SEC Calls for Further Powers From Congress to Regulate Crypto Trading and Platforms

News, Opinion | September 9, 2021 By:

Gary Censler, the chair of the US Securities and Exchange Commission (SEC), has recently called on Congress for further powers to regulate crypto trading and platforms.

In a response letter to Senator Elizabeth Warren, who wrote to the SEC chairman last month asking for Gensler’s input on what congressional authorization the SEC needs to handle crypto, Gensler said that the SEC needs additional authorities to prevent transactions, products, and platforms from falling between regulatory cracks.

“In my view, the legislative priority should center on crypto trading, lending, and DeFi platforms,” Gensler said. “We also need more resources to protect investors in this growing and volatile sector. In my view, the legislative priority should center on crypto trading, lending, and DeFi platforms. Regulators would benefit from additional plenary authority to write rules for and attach guardrails to crypto trading and lending. We stand ready to work closely with Congress, the Administration, our fellow regulators, and our partners around the world to close some of these gaps.”

Reacting to the news, Shyft’s Co-Founder, Juan Aja Aguinaco, has shared his thoughts below.

  • What’s the likely timeframe for, and shape of, any new US regulation? What are its prospects for passing Congress/Senate?

    It’s important to first understand that crypto regulation encompasses different key areas, i.e., tax, anti-money laundering, securities, financial, environmental, etc.

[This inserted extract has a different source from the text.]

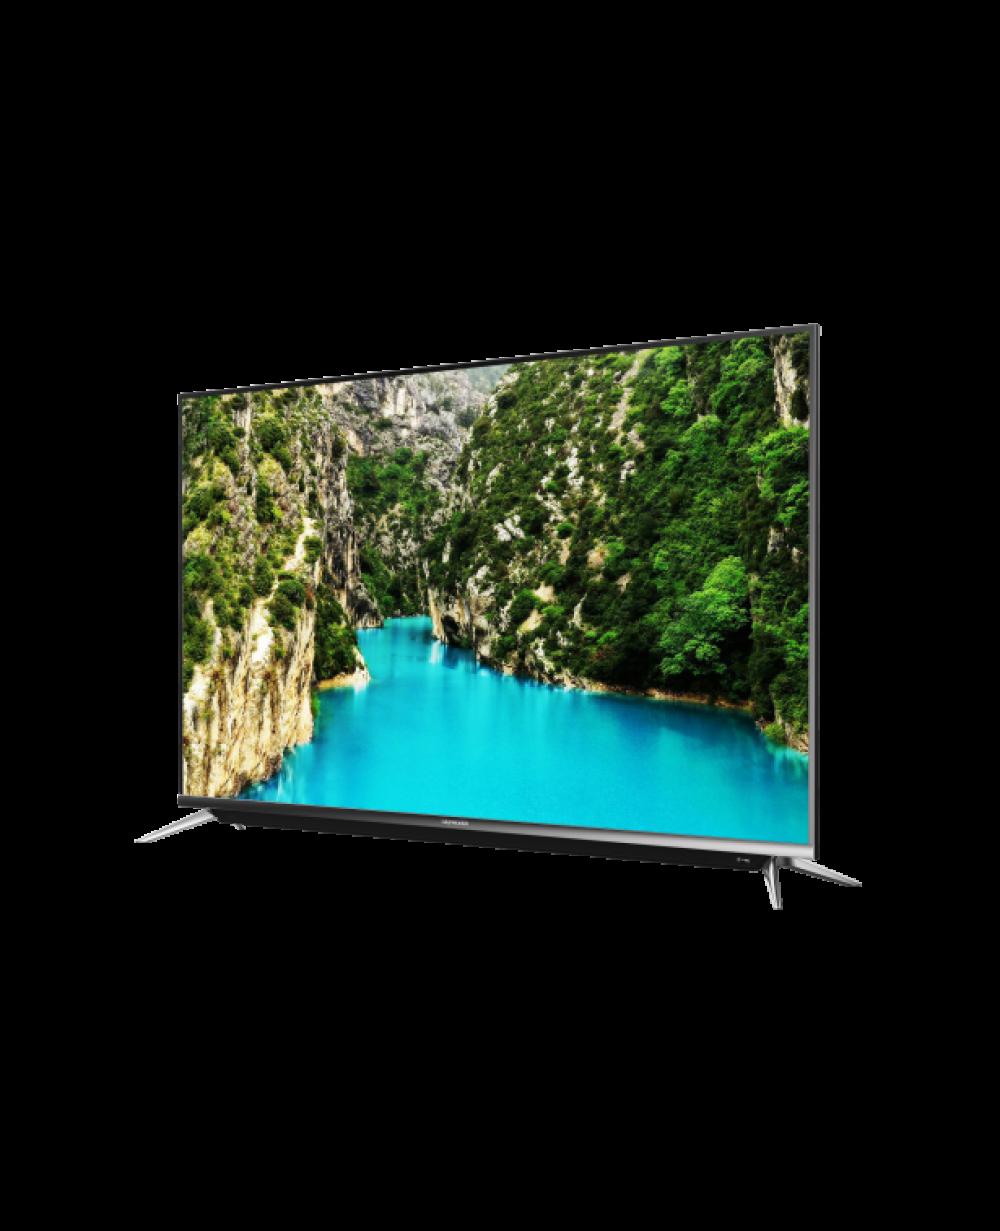 Skyworth 49G6 - 49 inch 4K Ultra HD Smart LED TV

    It’s tough to set a timeframe for new Crypto-specific regulation as it has been “in process” for several years. For example, the Financial Action Task Force has been evaluating updates to its own guidance for more than two years and has openly called out how long most jurisdictions, including the US, are taking in implementing crypto-specific guidance into their own Anti-Money Laundering regulation. For regulation to enter a “fast-track”, it requires a broader interest and bi-partisan support.

    The Infrastructure bill, for example, had a much broader purpose behind it: to substantially increase tax revenue for the Biden administration and help fund infrastructure development without having to raise tax rates. Unfortunately, a thriving and innovative crypto industry was not given priority over military spending and, now, the bill has what could be unenforceable, and possibly unconstitutional legislation.

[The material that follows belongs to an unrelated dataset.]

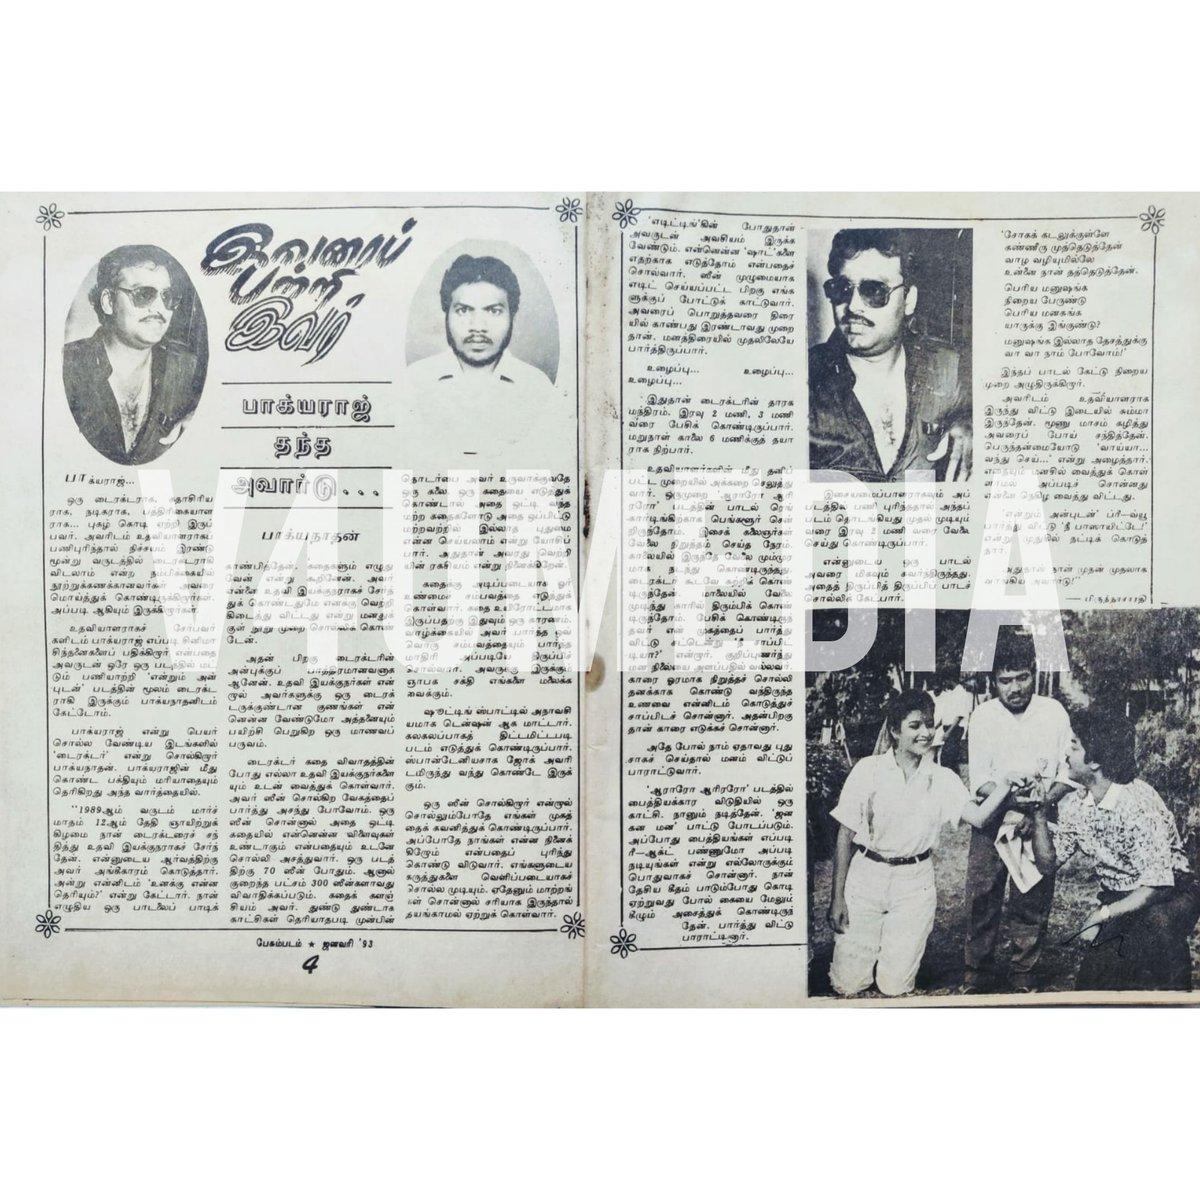 #RevisitingWithRiaz Day-21  #PesumPadam- January 1993  @ungalKBhagyaraj @brindasarathi @Atharvaamurali #HeeraRajagopal #Murali   #nostalgic #Nostalgia #gallery #memories #Flashback #Throwback #TBT #ThrowbackThursday   @V4umedia_ https://t.co/ClM0iPHgw7

    There is a clear intention from legislators to adopt regulation; the question is whether it will restrict innovation and set the US back in terms of competitiveness. Crypto adoption in the US should be a clear incentive for centralized exchanges and other virtual asset service providers to adapt and improve their practices and services.

  • Regulators have in recent weeks put pressure on global crypto platforms such as Binance. What impact would US regulation on crypto have on the business model of such platforms? – What sway do US regulators have over such platforms at the moment, especially when the location of the entities behind websites and platforms is not clear?

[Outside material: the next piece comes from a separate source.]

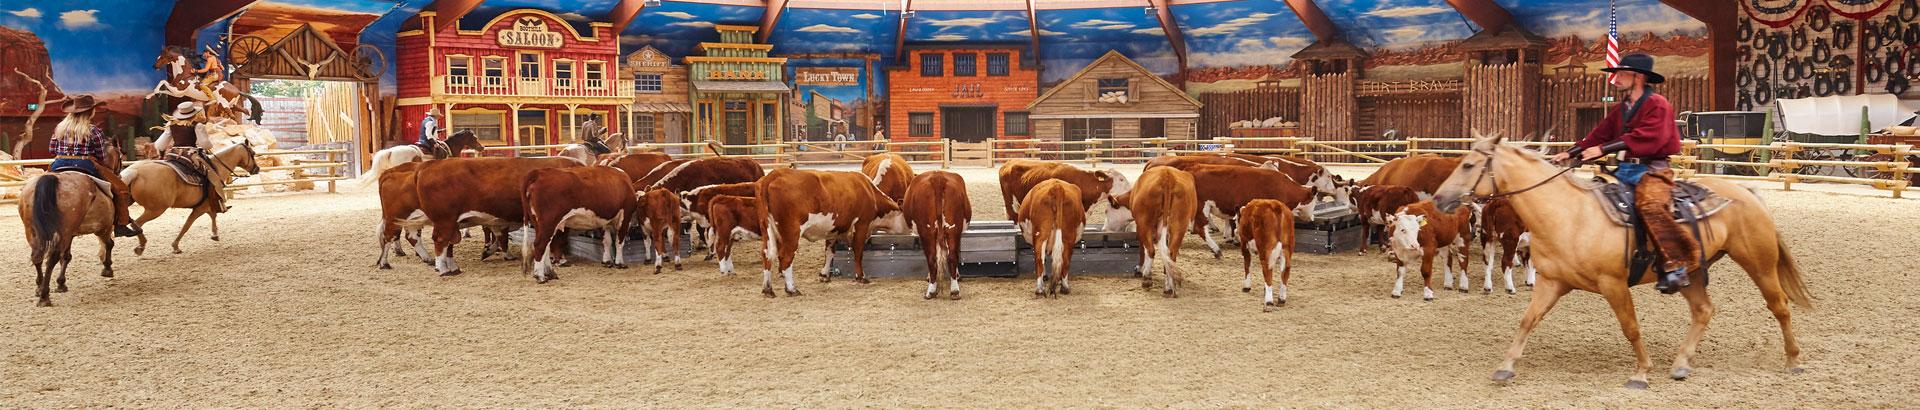 cowboyshow4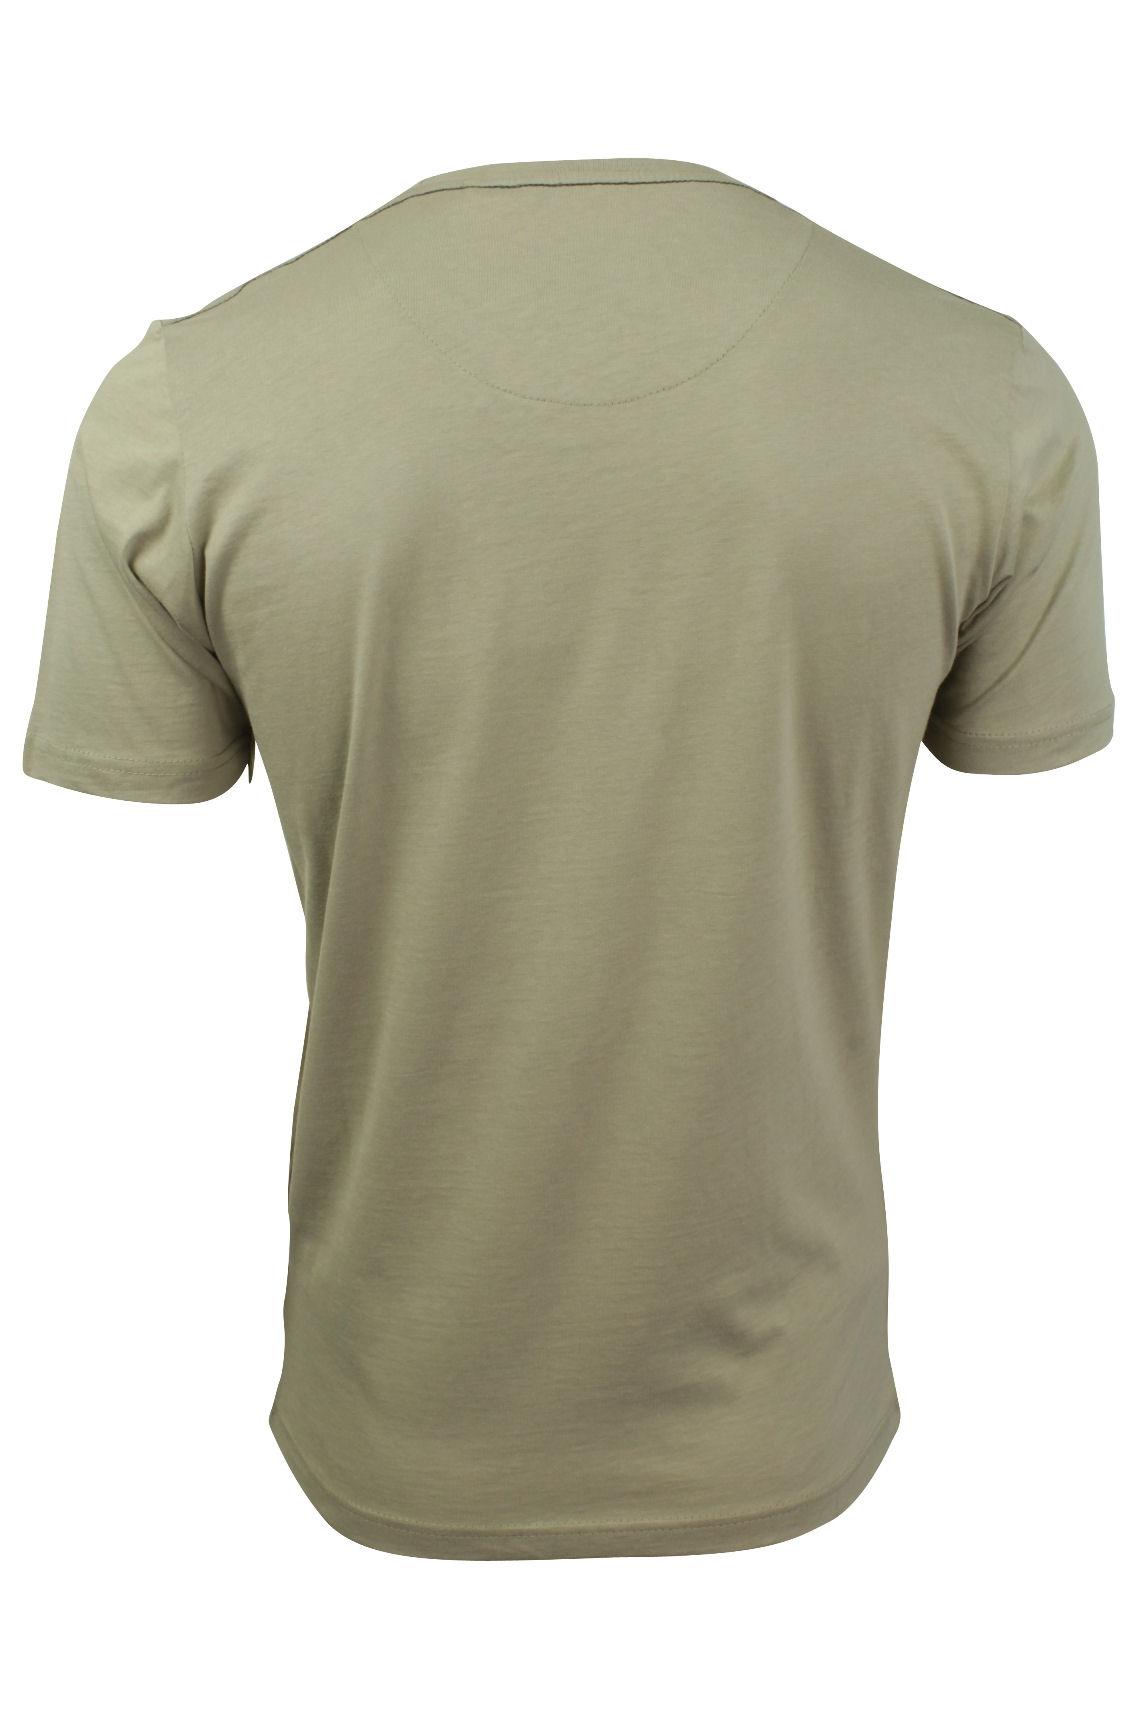 Firetrap-Hombre-Camiseta-de-manga-corta-039-Towson-039 miniatura 7

    Centralized exchanges have three paths in front of them: to comply, to leave the market, or to stay and brace for sanctions. All three options present substantial challenges, e.g., the cost to make the entire operation fully compliant and invest in data protection infrastructure to guarantee users’ privacy, or the cost of blocking an important part of the global crypto market from participating in the product offering. We’ve seen this happen in Canada already, where the Ontario Securities Association initiated procedures against some of the industry’s largest exchanges and these, in turn, decided to stop providing services to Canadians.

    Centralized exchanges, at one point or another, interact with other regulated entities, e.g., financial institutions, and provide services to individuals in jurisdictions that have more restrictive regulation, it’s inevitable. These interactions are the “weak points” in the jurisdiction-shopping strategy that some of these exchanges employ to avoid compliance. At the end of the day, exchanges that aim at mass-market adoption, at competing at a global level, will have to face regulation; it’s unavoidable.

  • What legislative tools would national financial regulators need to increase their ability to compel platforms/exchanges based overseas but serving customers online to boost transparency/compliance with rules?

    Regulators already have multiple tools at hand to enforce existing legislation. The SEC, for instance, has collaboration agreements with multiple securities regulators in other countries to share information and prosecute securities fraud. FinCEN has a Global Investigations Division solely focused on identifying international money-laundering and terrorist-financing threats under the Bank Secrecy Act. The challenge they face is how to use these tools, designed for a crypto-less world, on decentralized technologies.

    Regulation must come from knowledge of the system’s capabilities. Senator Warren’s missguided statements on the environmental impact of Proof-of-Work consensus mechanism completely missed the fact that there are studies that show that the majority of energy that powers POW comes from renewable sources. The industry has already produced blockchain analysis tools to help transactions be more transparent. Financial regulators need properly educated legislators if they want to have access to regulatory tools that enable enforcement.

    At the end of the day, the crypto space has players, like Shyft Network, who are more than willing to collaborate to create a fair regulatory environment; one that enables innovation and industry growth, while ensuring that compliance is not a roadblock to better products and services.